Working data |
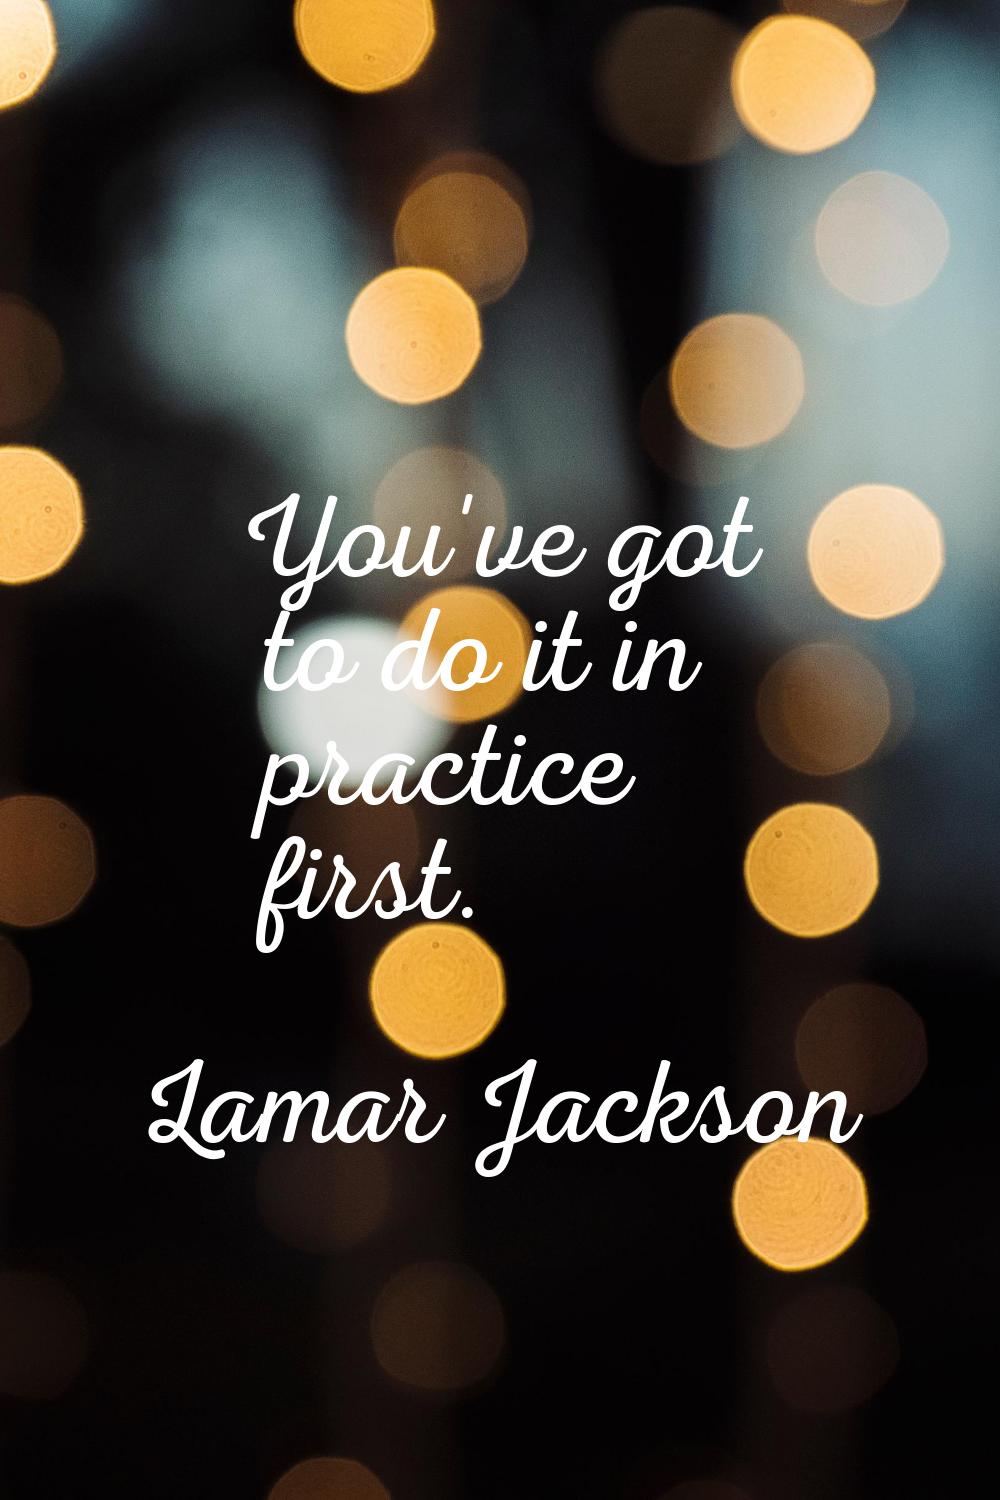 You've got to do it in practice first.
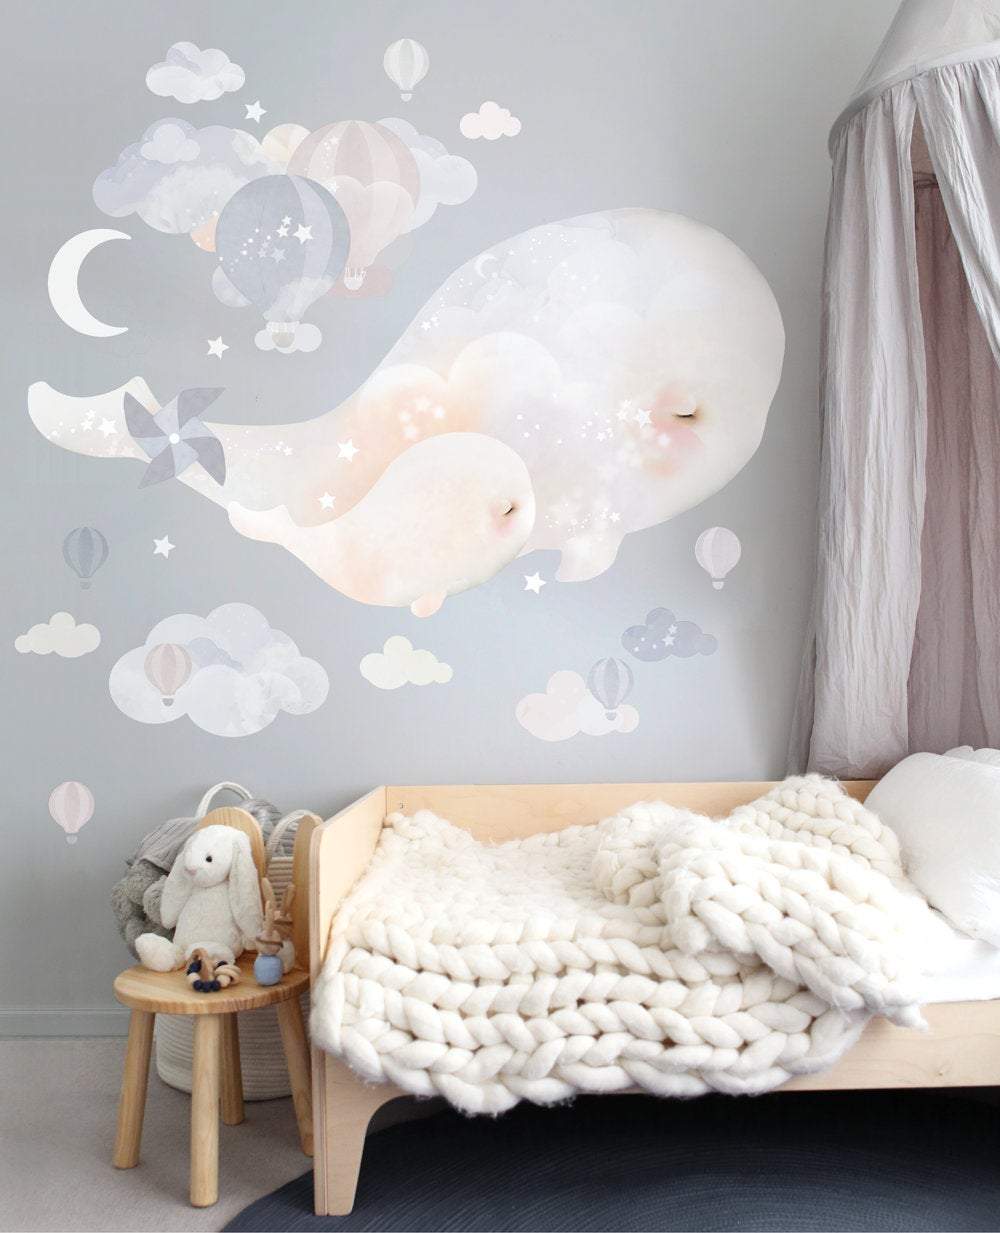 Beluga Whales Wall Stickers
...
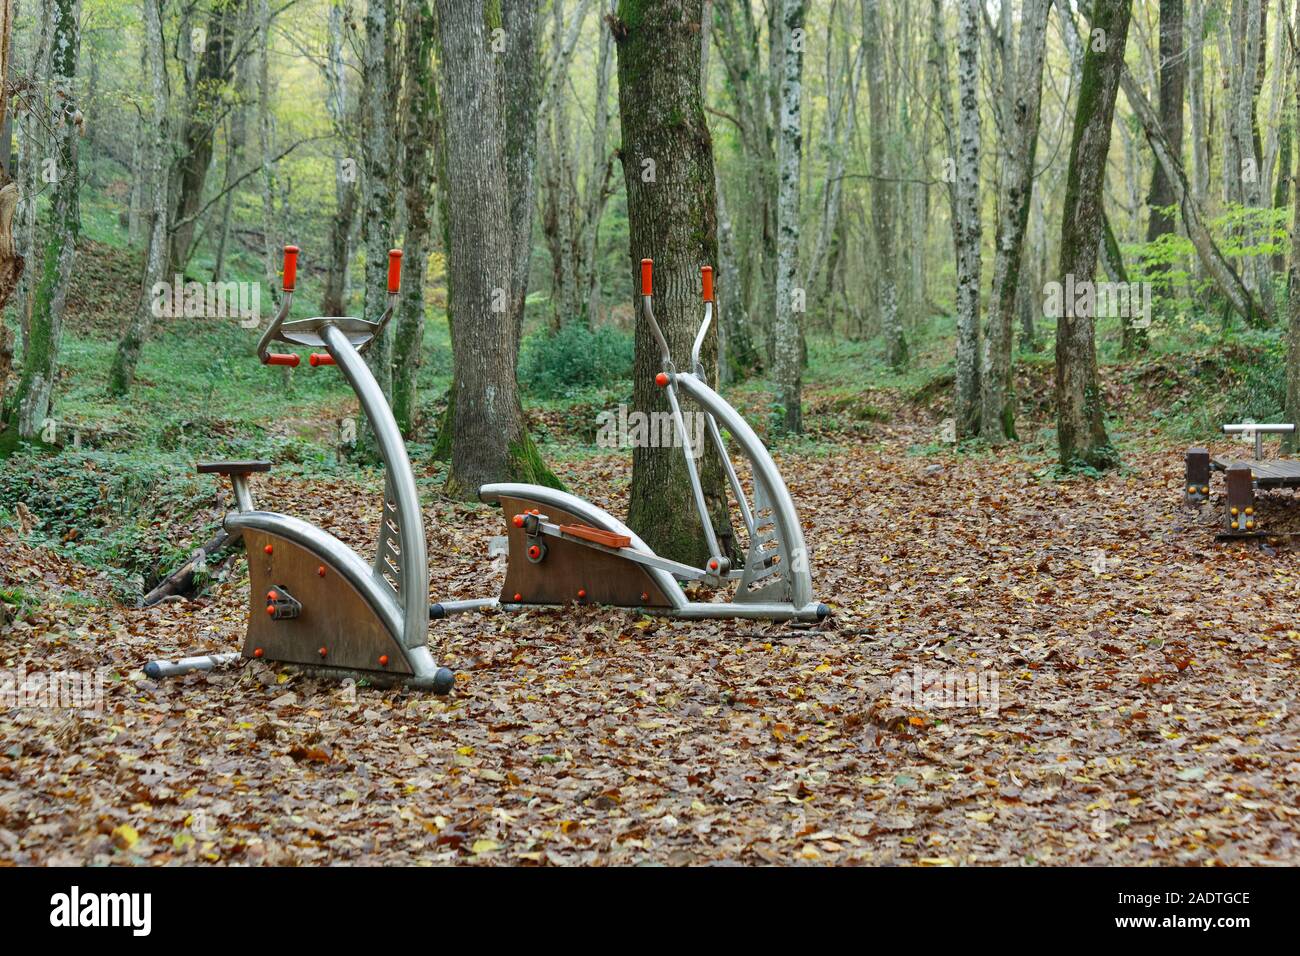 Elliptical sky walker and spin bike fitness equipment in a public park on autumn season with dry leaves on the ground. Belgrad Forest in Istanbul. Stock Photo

Exercise prompt | Your answer should consist of the lines above between those holding "You've got to do it in practice first." and "Beluga Whales Wall Stickers", inclusive, reproduced word for word and without pictures.

Result of this exercise |
 You've got to do it in practice first.
 Beluga Whales Wall Stickers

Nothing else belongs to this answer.